Both the line containing "His Highness the" and the line containing "After Drunk Sex - MTR2348F" belong to the span. Output exactly that span from the listing below, and nothing outside it.

[[ DATA SUPPLIED, beginning ]]

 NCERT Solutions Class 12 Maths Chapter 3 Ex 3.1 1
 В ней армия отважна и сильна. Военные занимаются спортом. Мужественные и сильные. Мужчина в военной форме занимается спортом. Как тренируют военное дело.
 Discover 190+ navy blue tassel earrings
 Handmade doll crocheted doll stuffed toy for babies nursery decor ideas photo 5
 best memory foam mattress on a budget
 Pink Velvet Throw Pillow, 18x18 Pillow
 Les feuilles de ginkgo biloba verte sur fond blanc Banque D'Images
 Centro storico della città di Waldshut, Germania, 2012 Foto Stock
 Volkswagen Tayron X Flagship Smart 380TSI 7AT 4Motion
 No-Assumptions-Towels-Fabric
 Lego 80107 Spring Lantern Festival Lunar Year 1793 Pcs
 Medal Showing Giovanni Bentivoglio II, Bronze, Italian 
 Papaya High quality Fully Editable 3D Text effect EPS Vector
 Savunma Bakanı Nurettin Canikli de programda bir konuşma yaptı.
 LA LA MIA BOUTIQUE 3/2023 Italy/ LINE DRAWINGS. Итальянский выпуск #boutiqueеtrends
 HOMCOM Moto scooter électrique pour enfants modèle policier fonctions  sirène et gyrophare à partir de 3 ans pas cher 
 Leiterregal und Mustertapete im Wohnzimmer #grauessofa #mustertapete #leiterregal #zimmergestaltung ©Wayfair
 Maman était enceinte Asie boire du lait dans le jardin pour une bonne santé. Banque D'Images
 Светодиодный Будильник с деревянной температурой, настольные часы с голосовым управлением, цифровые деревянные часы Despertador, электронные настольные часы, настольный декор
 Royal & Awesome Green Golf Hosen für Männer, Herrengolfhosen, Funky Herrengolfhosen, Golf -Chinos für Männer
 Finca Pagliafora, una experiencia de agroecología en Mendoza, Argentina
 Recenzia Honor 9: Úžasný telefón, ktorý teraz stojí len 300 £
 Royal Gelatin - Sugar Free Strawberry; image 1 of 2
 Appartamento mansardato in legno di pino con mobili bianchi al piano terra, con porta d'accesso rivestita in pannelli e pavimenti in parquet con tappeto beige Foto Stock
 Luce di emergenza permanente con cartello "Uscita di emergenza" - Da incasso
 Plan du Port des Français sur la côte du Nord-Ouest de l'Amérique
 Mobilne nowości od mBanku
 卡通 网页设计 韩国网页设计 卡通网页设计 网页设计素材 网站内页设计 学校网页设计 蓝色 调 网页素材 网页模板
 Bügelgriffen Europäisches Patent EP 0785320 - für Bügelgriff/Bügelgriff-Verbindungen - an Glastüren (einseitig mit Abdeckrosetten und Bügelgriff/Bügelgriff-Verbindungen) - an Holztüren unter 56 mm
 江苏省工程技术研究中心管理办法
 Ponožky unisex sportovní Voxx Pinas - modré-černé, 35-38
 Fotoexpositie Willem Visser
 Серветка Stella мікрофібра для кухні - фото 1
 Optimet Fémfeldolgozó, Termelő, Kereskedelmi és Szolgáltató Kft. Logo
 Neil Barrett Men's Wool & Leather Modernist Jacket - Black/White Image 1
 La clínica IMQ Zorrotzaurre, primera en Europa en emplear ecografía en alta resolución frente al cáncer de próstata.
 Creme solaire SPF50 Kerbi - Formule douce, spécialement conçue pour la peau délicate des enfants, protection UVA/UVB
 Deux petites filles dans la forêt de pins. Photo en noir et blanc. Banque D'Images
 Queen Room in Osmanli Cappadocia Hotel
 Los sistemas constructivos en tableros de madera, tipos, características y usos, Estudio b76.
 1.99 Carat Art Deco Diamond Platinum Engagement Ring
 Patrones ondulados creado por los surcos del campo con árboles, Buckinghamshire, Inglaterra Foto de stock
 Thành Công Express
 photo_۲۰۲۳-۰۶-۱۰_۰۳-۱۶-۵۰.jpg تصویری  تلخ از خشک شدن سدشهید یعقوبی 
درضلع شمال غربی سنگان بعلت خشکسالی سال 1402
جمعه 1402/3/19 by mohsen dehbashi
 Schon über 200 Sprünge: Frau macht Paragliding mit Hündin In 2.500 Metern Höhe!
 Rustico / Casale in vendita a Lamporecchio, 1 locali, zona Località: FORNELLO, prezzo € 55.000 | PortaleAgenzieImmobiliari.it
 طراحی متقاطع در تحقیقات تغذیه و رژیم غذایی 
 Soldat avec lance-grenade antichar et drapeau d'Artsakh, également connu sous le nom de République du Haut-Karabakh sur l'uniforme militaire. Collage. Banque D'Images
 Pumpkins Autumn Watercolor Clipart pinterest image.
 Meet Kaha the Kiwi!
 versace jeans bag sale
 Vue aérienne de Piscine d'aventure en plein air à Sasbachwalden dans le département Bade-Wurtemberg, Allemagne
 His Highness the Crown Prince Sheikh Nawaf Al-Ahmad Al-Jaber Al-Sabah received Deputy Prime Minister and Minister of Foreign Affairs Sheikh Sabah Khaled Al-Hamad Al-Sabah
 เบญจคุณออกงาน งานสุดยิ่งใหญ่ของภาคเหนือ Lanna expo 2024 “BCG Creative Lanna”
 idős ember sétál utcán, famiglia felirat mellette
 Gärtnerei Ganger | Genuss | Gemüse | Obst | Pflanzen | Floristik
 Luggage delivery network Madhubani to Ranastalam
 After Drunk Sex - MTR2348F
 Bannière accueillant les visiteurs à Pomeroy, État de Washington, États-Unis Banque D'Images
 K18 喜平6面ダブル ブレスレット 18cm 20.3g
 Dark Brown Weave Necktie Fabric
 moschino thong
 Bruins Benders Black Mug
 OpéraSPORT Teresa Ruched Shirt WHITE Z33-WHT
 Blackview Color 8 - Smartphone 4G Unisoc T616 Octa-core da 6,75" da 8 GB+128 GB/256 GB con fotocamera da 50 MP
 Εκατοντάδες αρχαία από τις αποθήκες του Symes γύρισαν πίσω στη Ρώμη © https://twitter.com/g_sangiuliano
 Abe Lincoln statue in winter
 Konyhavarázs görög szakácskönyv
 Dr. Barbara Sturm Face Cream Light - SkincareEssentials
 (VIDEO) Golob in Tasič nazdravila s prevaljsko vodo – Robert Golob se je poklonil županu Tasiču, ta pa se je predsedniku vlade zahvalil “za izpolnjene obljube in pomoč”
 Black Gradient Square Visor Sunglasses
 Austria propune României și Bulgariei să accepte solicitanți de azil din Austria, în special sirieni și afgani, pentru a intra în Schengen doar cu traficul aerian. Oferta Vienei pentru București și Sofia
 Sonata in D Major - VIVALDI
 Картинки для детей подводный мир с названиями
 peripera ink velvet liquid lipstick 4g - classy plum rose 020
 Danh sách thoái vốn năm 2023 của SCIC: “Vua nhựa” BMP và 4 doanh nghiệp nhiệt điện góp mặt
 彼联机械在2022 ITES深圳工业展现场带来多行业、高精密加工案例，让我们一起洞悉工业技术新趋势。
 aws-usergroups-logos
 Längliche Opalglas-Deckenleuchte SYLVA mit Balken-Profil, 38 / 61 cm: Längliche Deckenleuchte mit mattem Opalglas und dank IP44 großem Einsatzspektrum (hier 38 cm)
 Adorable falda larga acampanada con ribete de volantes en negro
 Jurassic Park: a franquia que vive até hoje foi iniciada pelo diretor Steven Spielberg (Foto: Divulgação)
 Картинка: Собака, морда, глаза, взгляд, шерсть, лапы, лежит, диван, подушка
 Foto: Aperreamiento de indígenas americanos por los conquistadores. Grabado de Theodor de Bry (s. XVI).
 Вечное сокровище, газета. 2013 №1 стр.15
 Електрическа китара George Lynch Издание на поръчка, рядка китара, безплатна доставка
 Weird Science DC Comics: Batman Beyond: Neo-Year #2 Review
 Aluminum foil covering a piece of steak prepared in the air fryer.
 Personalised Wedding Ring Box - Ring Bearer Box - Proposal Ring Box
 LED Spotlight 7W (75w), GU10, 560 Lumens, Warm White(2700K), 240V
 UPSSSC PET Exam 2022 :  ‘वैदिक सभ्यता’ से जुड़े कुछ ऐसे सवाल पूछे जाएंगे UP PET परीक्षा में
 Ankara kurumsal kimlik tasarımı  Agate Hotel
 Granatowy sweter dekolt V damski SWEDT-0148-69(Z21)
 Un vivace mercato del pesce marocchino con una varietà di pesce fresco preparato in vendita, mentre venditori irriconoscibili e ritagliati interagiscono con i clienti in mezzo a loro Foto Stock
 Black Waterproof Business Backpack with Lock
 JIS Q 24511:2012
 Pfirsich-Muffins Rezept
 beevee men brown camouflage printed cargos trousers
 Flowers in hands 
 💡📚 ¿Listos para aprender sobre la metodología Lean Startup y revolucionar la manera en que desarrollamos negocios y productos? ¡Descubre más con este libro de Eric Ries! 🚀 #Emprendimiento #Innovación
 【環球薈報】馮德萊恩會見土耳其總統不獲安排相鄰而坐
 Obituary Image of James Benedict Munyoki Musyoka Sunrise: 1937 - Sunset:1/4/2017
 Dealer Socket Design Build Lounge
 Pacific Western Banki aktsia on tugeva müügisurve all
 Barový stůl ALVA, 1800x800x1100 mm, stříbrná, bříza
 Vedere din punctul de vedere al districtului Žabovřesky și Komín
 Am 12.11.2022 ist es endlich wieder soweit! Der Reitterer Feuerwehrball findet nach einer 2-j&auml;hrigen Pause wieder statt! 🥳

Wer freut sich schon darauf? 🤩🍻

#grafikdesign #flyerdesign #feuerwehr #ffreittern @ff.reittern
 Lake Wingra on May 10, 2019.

[[ DATA SUPPLIED, end ]]

■ RESULT FOR THIS TASK ■
 His Highness the Crown Prince Sheikh Nawaf Al-Ahmad Al-Jaber Al-Sabah received Deputy Prime Minister and Minister of Foreign Affairs Sheikh Sabah Khaled Al-Hamad Al-Sabah
 เบญจคุณออกงาน งานสุดยิ่งใหญ่ของภาคเหนือ Lanna expo 2024 “BCG Creative Lanna”
 idős ember sétál utcán, famiglia felirat mellette
 Gärtnerei Ganger | Genuss | Gemüse | Obst | Pflanzen | Floristik
 Luggage delivery network Madhubani to Ranastalam
 After Drunk Sex - MTR2348F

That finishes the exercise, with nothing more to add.